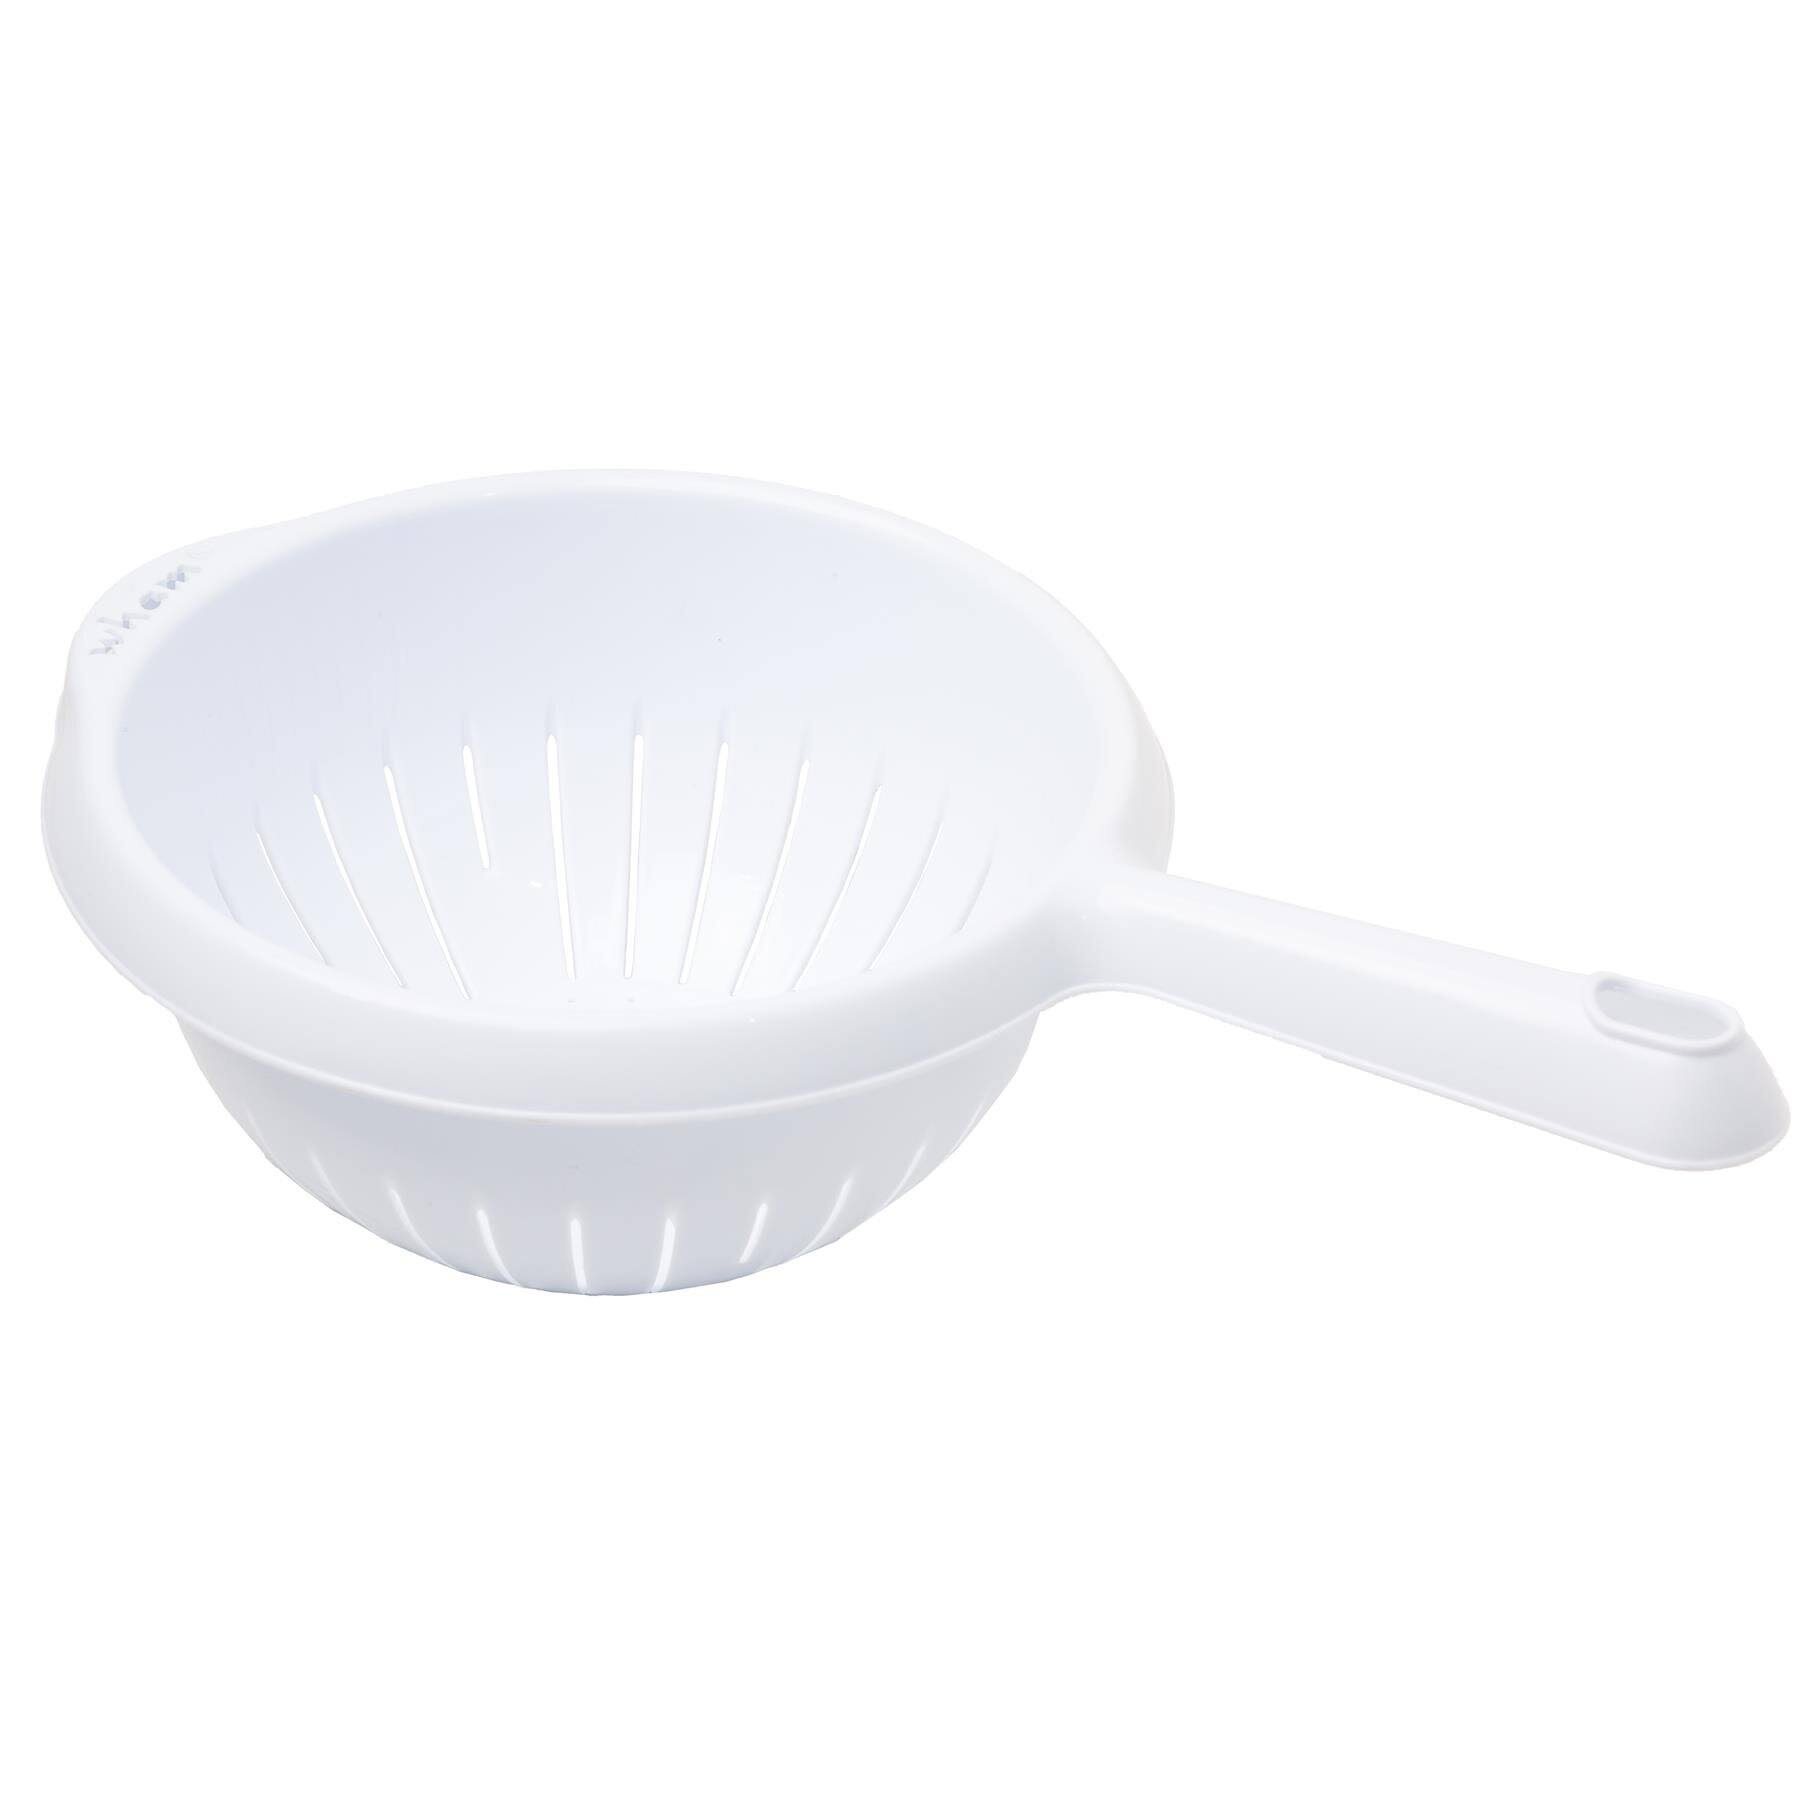 Wham Cuisine Handled Colander - Hardwearing - Ice White - Dishwasher Safe - 20cm
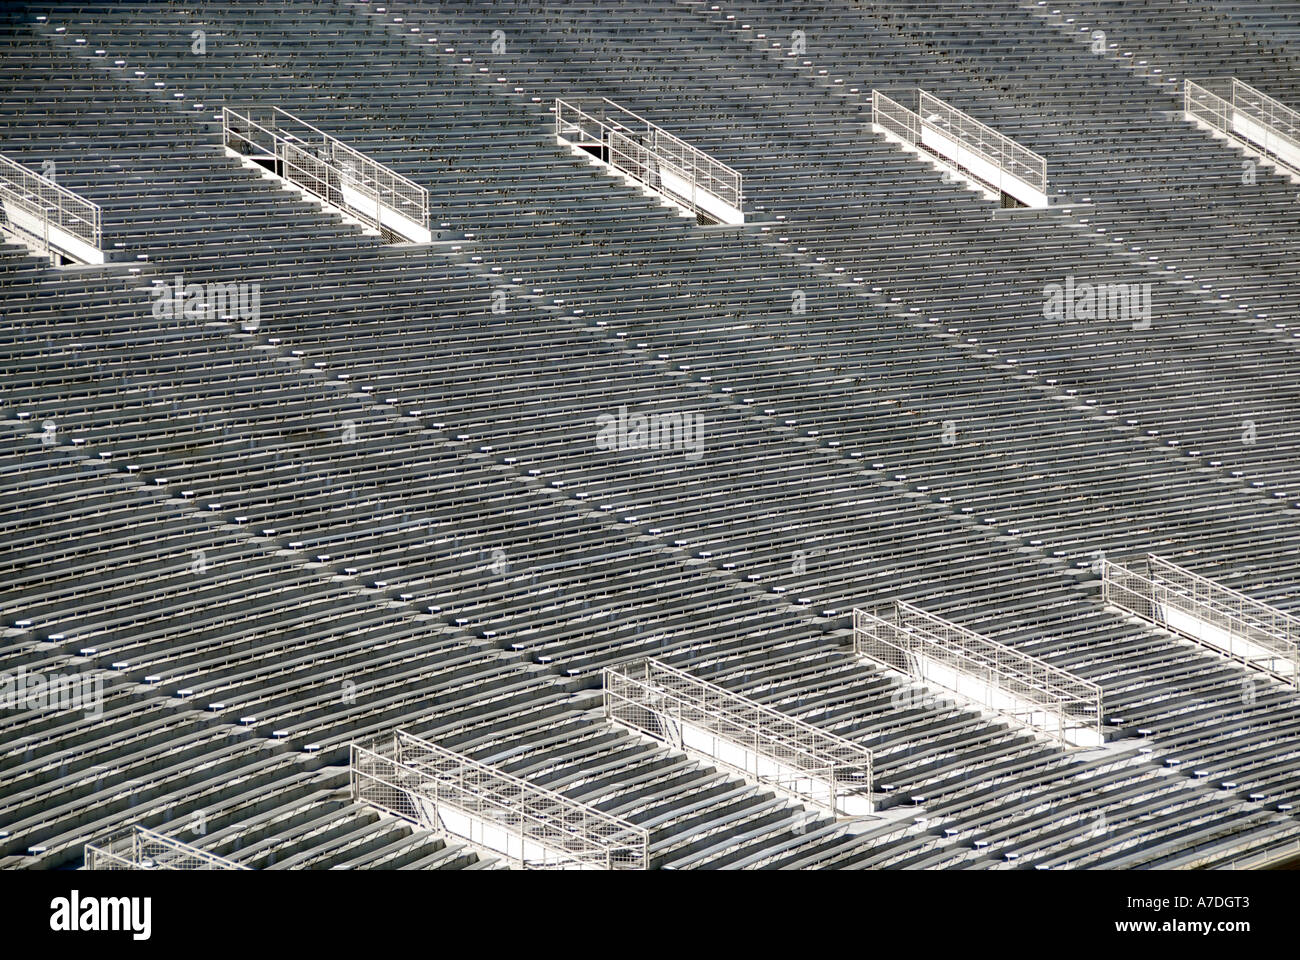 Doak S Campbell Fußball-Stadion und Besucherzentrum an der Florida State University Campus Tallahassee Florida FL Seminolen Stockfoto
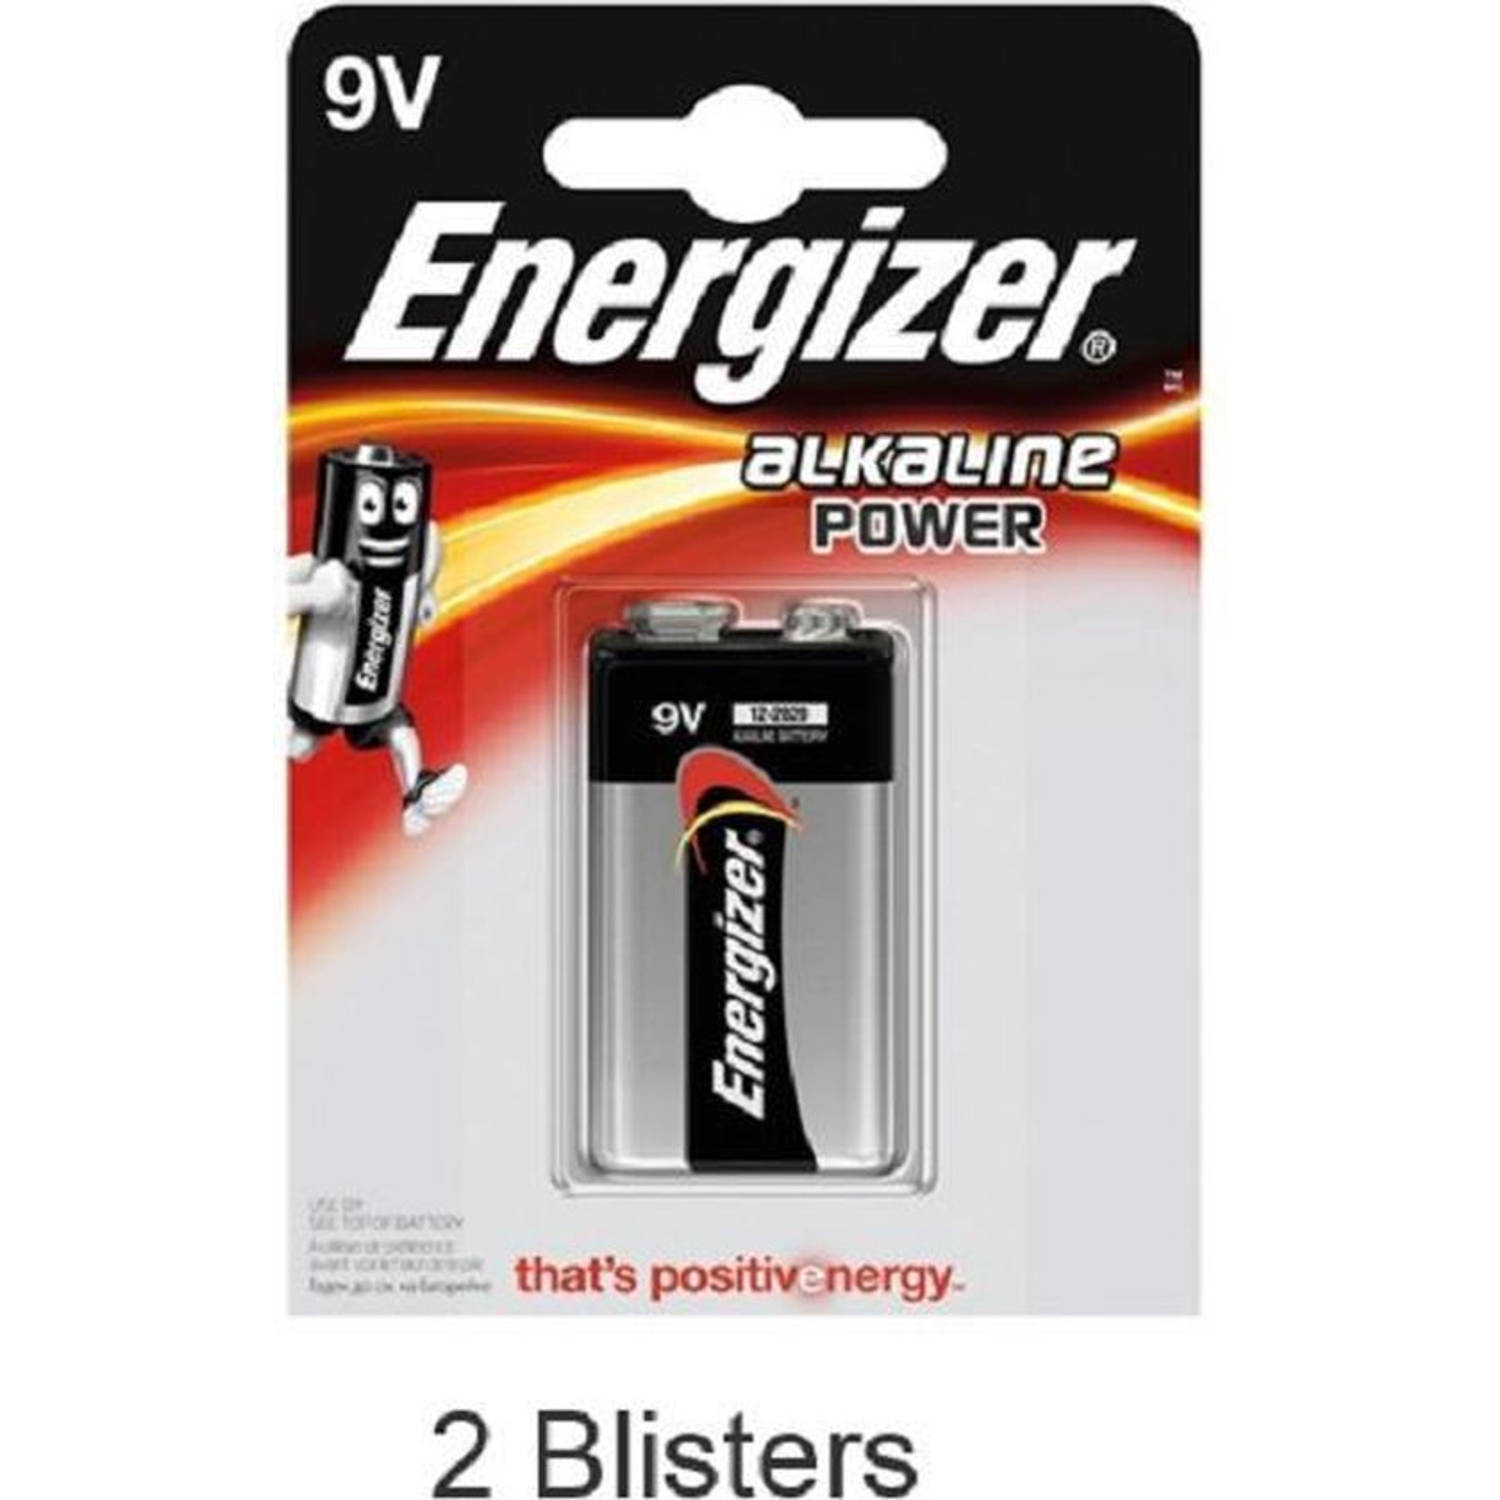 2 Stuks (2 Blisters A 1 Stuk) Energizer Alkaline Power 9v Blok Batterij
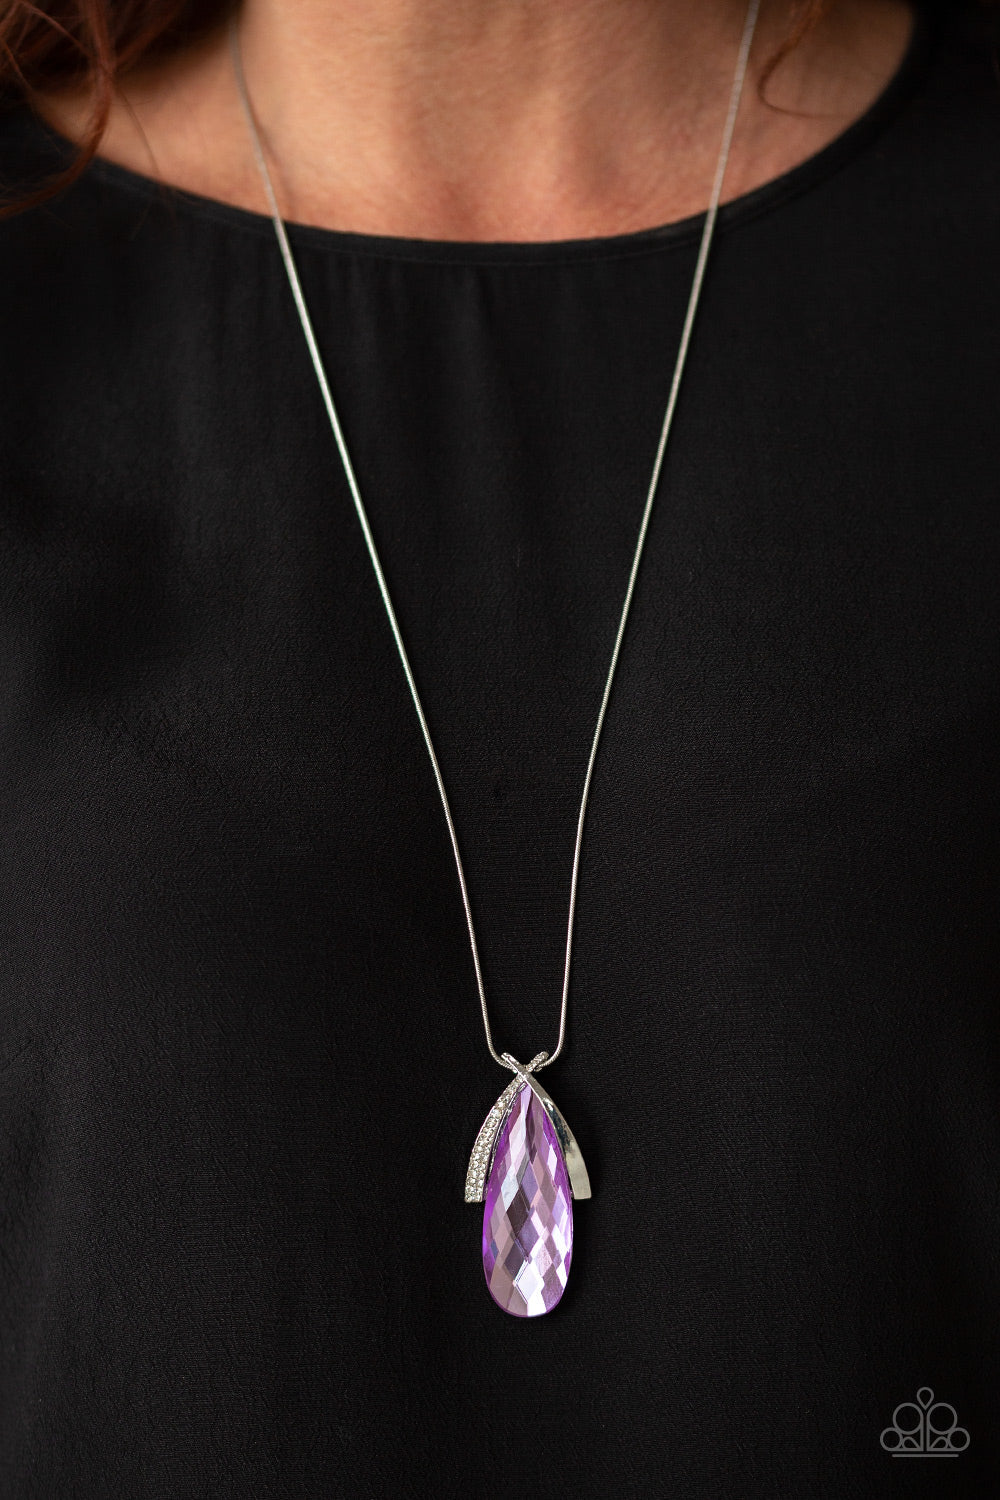 Paparazzi Stellar Sophistication - Purple Teardrop Gem - White Rhinestones - Necklace & Earrings - $5 Jewelry with Ashley Swint

^^^^^^^^

EXERCISE AIM » Restate, exactly as they appear, the line with "2 Stuks (2 Blisters" and all the lines after it up to the end of the data above; images do not belong in the copy.

EXERCISE RESULT »
 2 Stuks (2 Blisters A 1 Stuk) Energizer Alkaline Power 9v Blok Batterij
 Paparazzi Stellar Sophistication - Purple Teardrop Gem - White Rhinestones - Necklace & Earrings - $5 Jewelry with Ashley Swint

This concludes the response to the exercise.